The unsung heroes of NERDS

Our research group has recently grown to a milestone of 10 members, however this number does not give the full picture of NERDS. There are several short-term members and visitors that make our group and its activities more lively, and whose hard work allow our research to fully prosper. Further, now that Corona is kind-of-resolved in Denmark, we want to increase liveliness even more by re-booting our hospitality towards research visitors: If you are interested in visiting us in Copenhagen, for scientific exchange and/or a seminar/talk, please reach out to us.
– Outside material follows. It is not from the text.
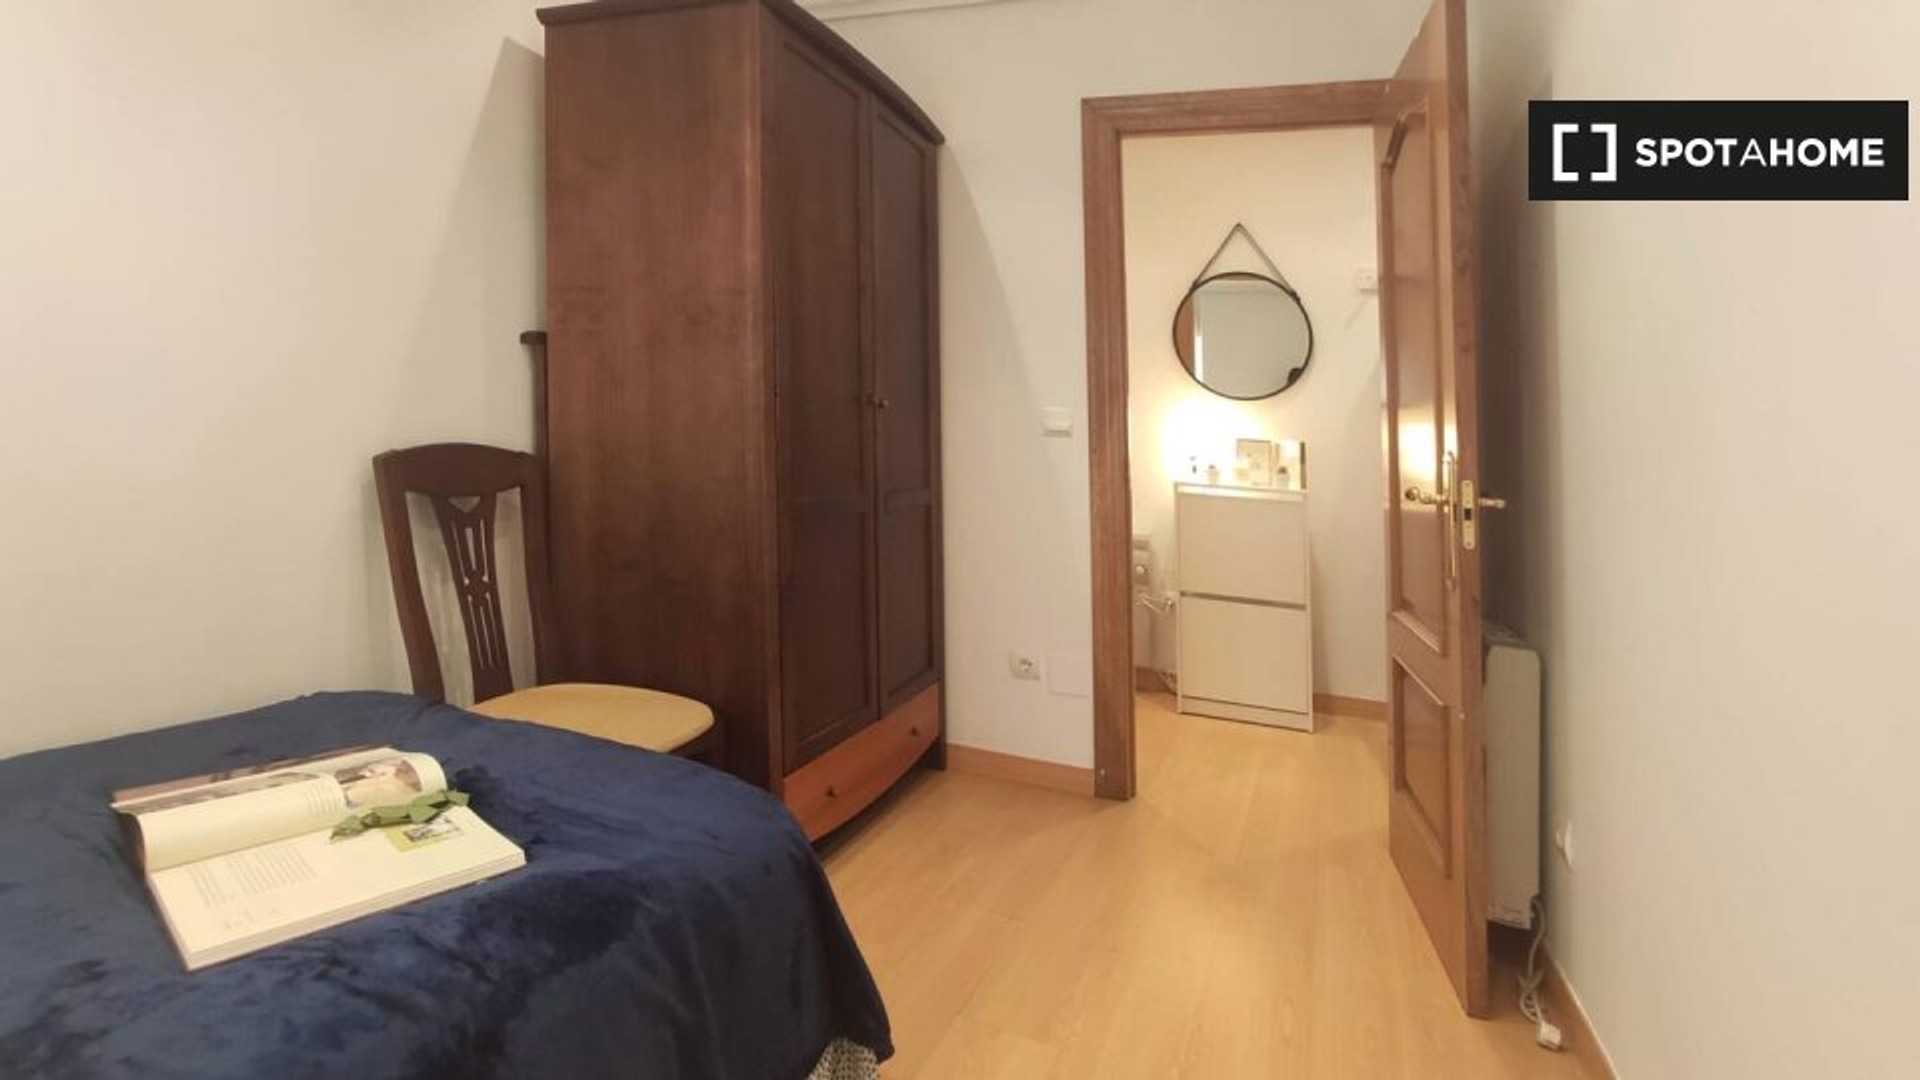 Santander içinde 3 yatak odalı konaklama

To shine more light onto our “unsung heros”, here an overview of our past and current NERDS-embedded colleagues, helpers, and friends, apart from the yearly one to two dozen Bachelor and Master students who we supervise:

Victor Møller Poulsen, Intern (2021-08 to 2022-01)
Marilena Hohmann, Intern (2021-08 to 2022-01)
Lasse Buschmann Alsbrik, Research assistant (2021-08 to 2021-10)
Morten Lynghede, Student programmer (2021-06)
Cecilia Laura Kolding Andersen, Student programmer (2021-06)

We have updated our people page accordingly.

Anastassia Vybornova has joined NERDS

We are excited to welcome Anastassia Vybornova to our research group!

Anastassia joins us as PhD student from Vienna, Austria. She recently completed her Master degree jointly supervised at KU, BOKU Vienna, and at ITU by Michael Szell, accomplishing an outstanding thesis on Identifying and classifying gaps in the bicycle network of Copenhagen. She has won a competitive, ITU-supported PhD grant and will therefore be with us for (at least) 3 years. 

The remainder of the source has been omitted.